» **AVAILABLE DATA**:

━━━━━━━━━━━━━━━━━━━━

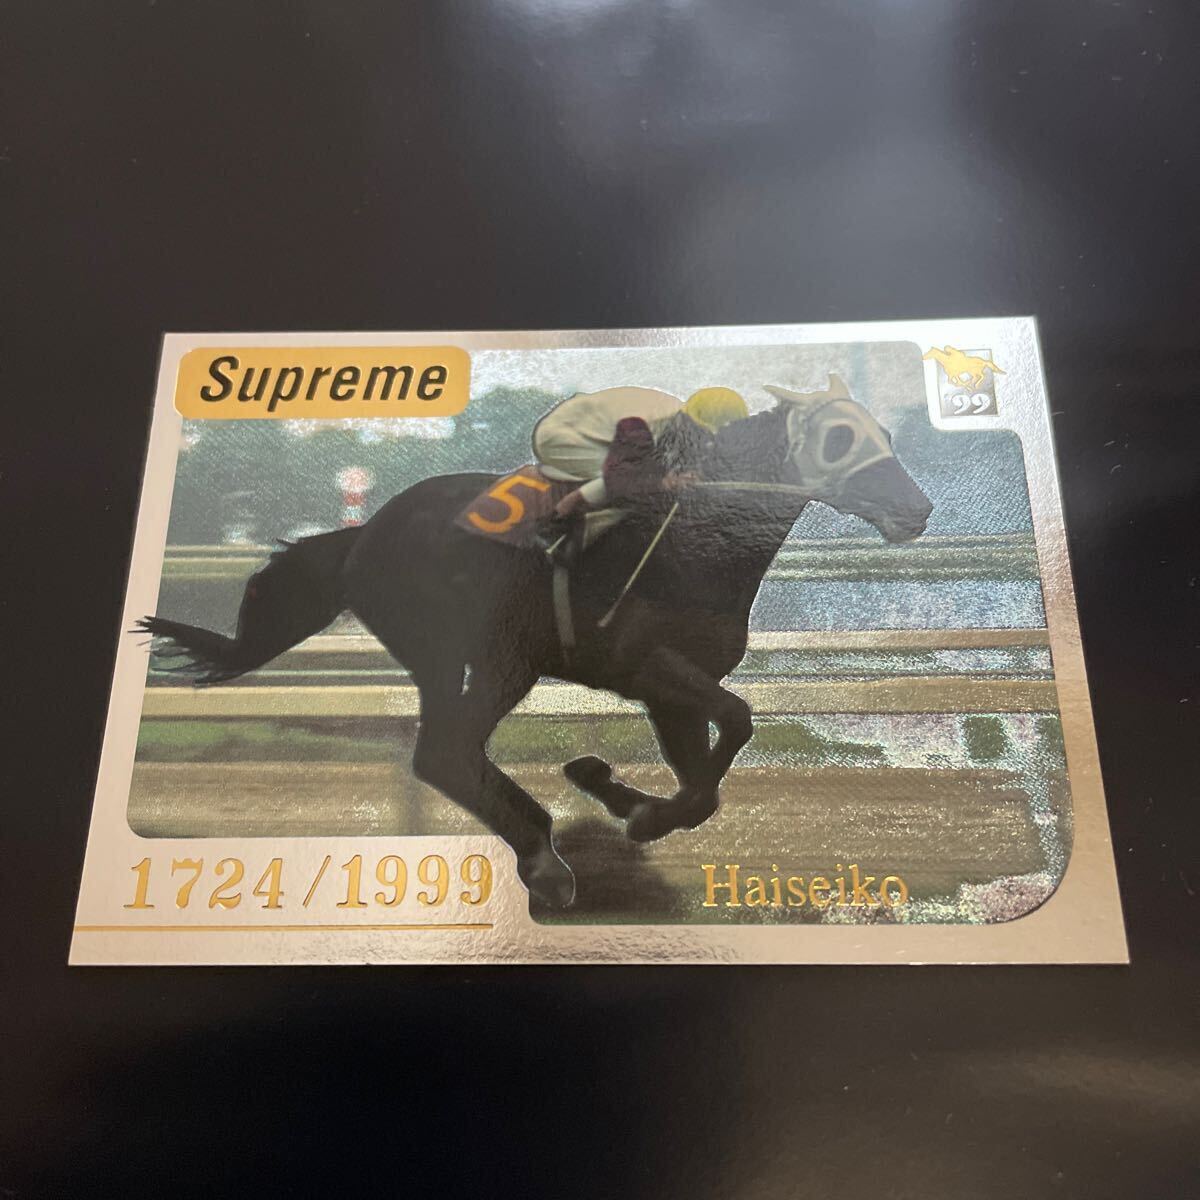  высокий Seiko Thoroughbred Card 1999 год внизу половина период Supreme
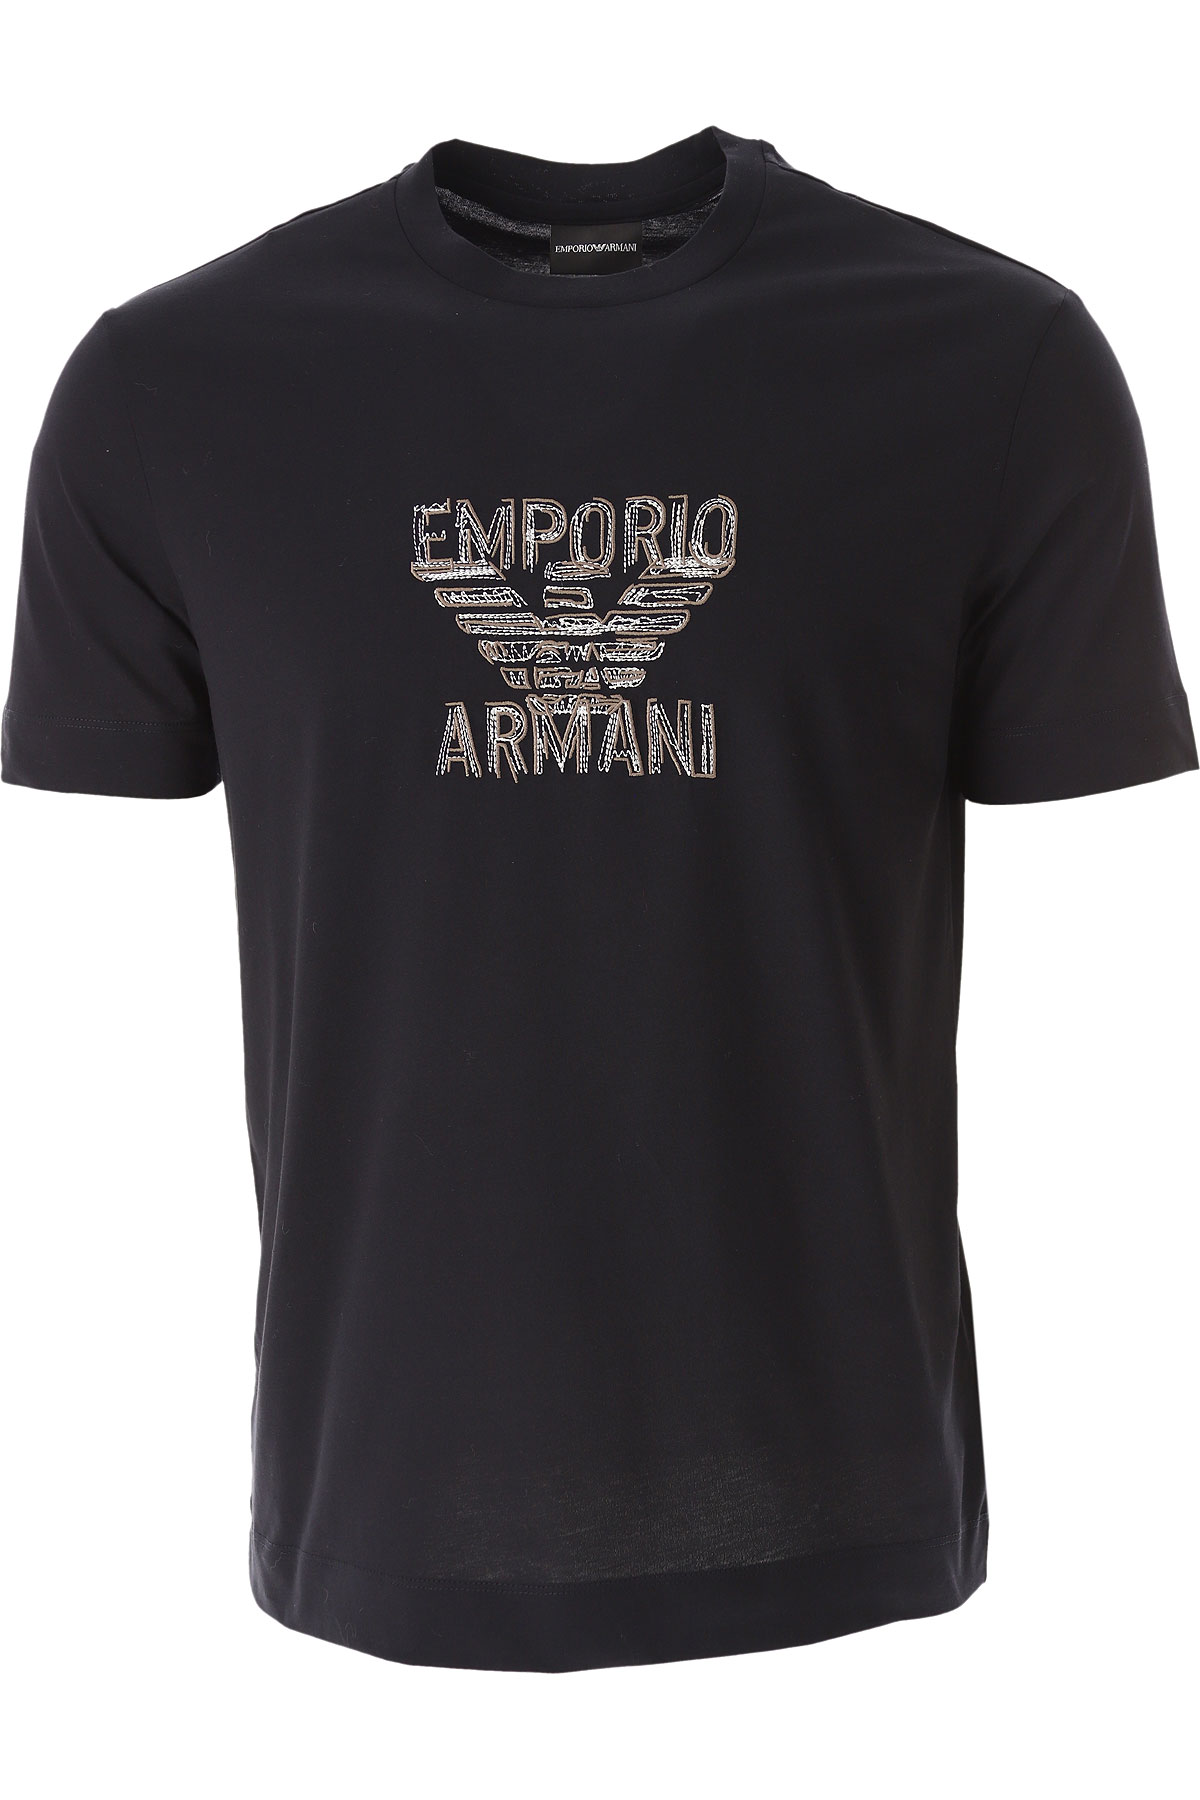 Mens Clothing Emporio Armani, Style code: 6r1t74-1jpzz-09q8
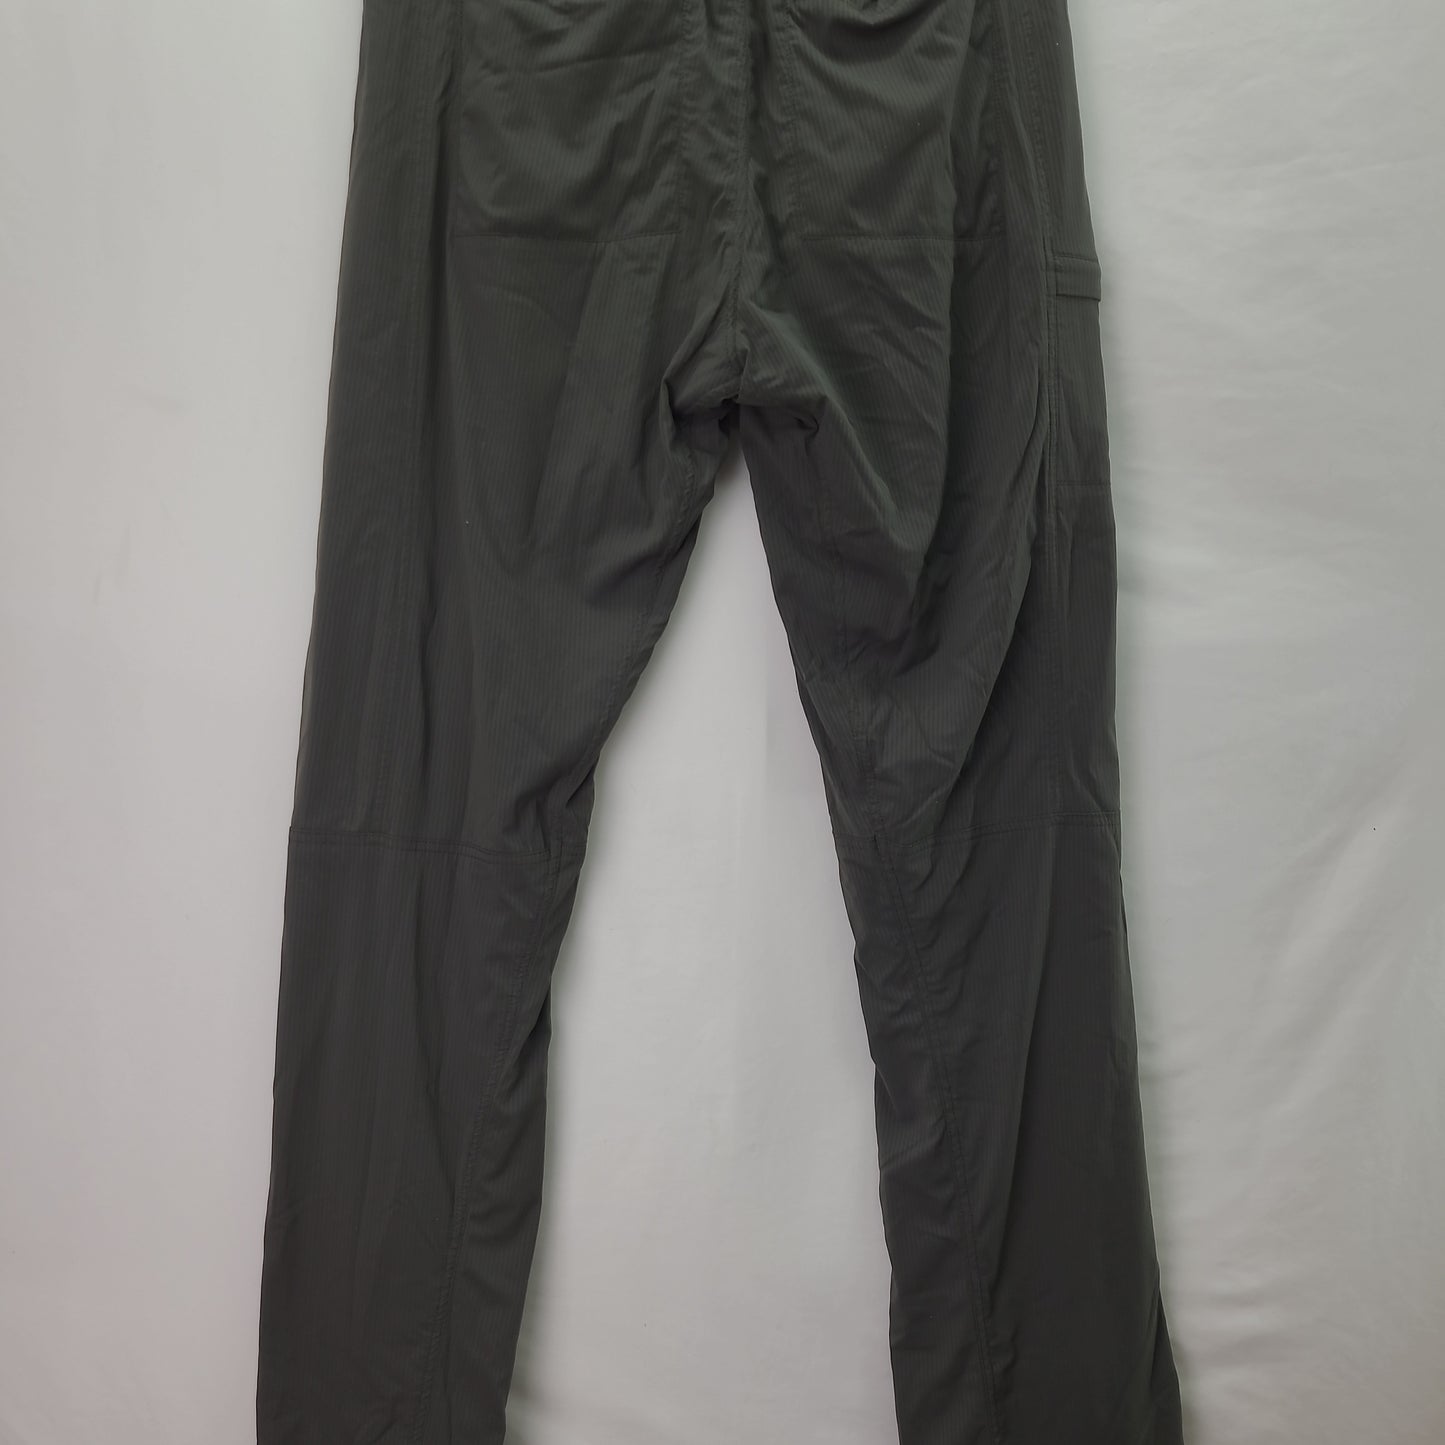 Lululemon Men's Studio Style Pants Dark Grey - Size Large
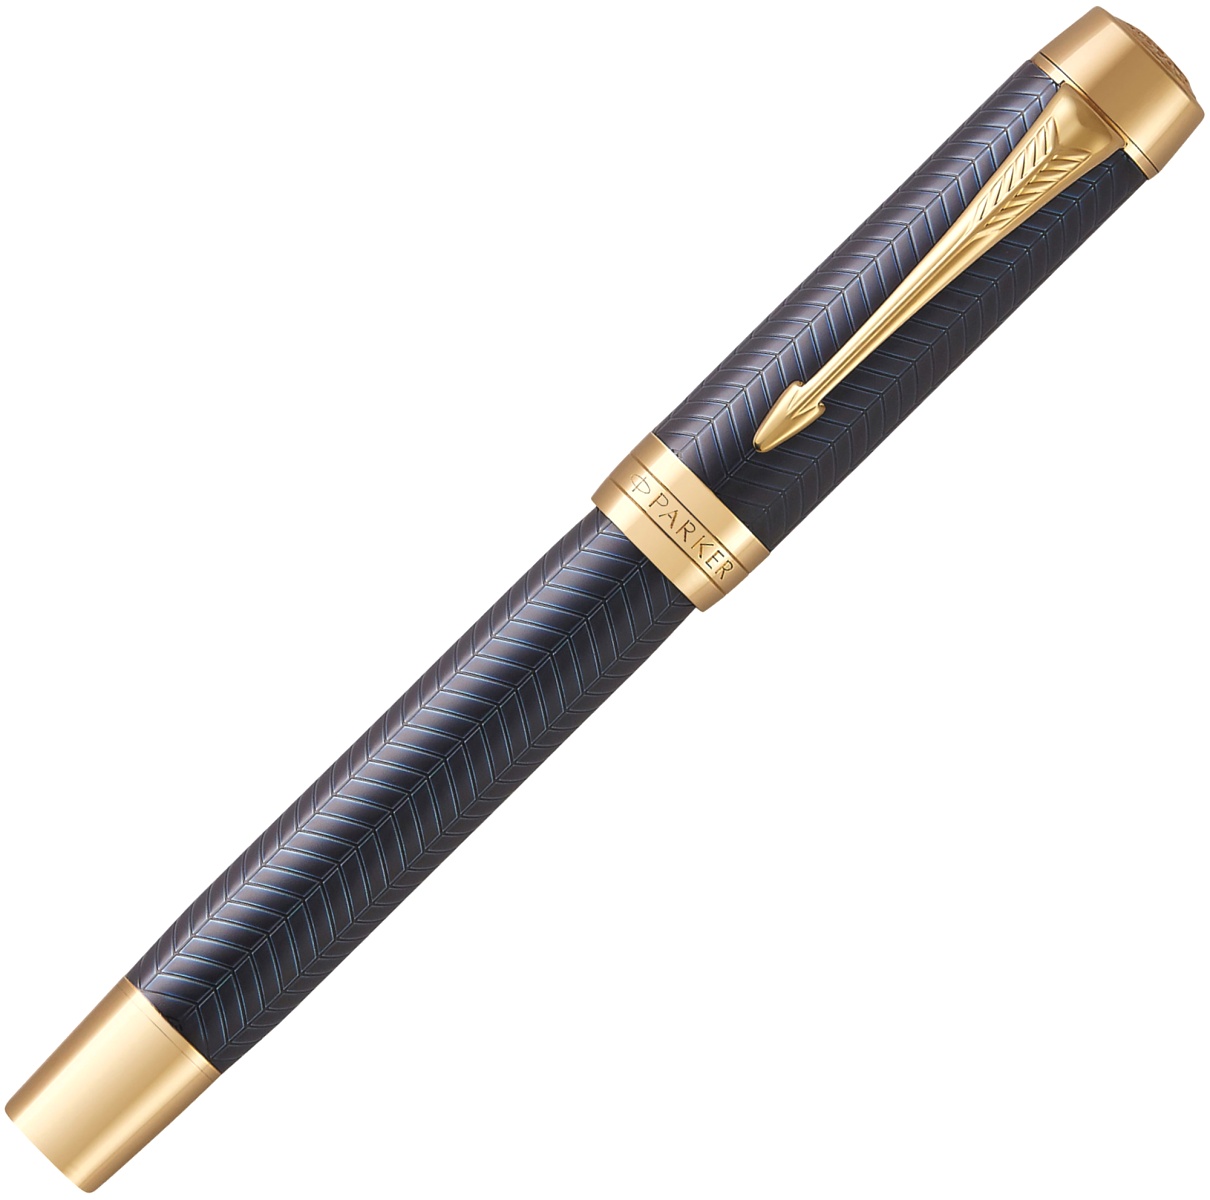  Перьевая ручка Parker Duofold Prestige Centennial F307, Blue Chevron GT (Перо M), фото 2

━━━━━━━━━━━━━━━━━━━━

» **PROBLEM STATEMENT**:
Apart from the pictures, every line above must be printed exactly.

» **SOLUTION TO THIS PROBLEM**:
  высокий Seiko Thoroughbred Card 1999 год внизу половина период Supreme
 Mens Clothing Emporio Armani, Style code: 6r1t74-1jpzz-09q8
 Lululemon Men's Studio Style Pants Dark Grey - Size Large
  Перьевая ручка Parker Duofold Prestige Centennial F307, Blue Chevron GT (Перо M), фото 2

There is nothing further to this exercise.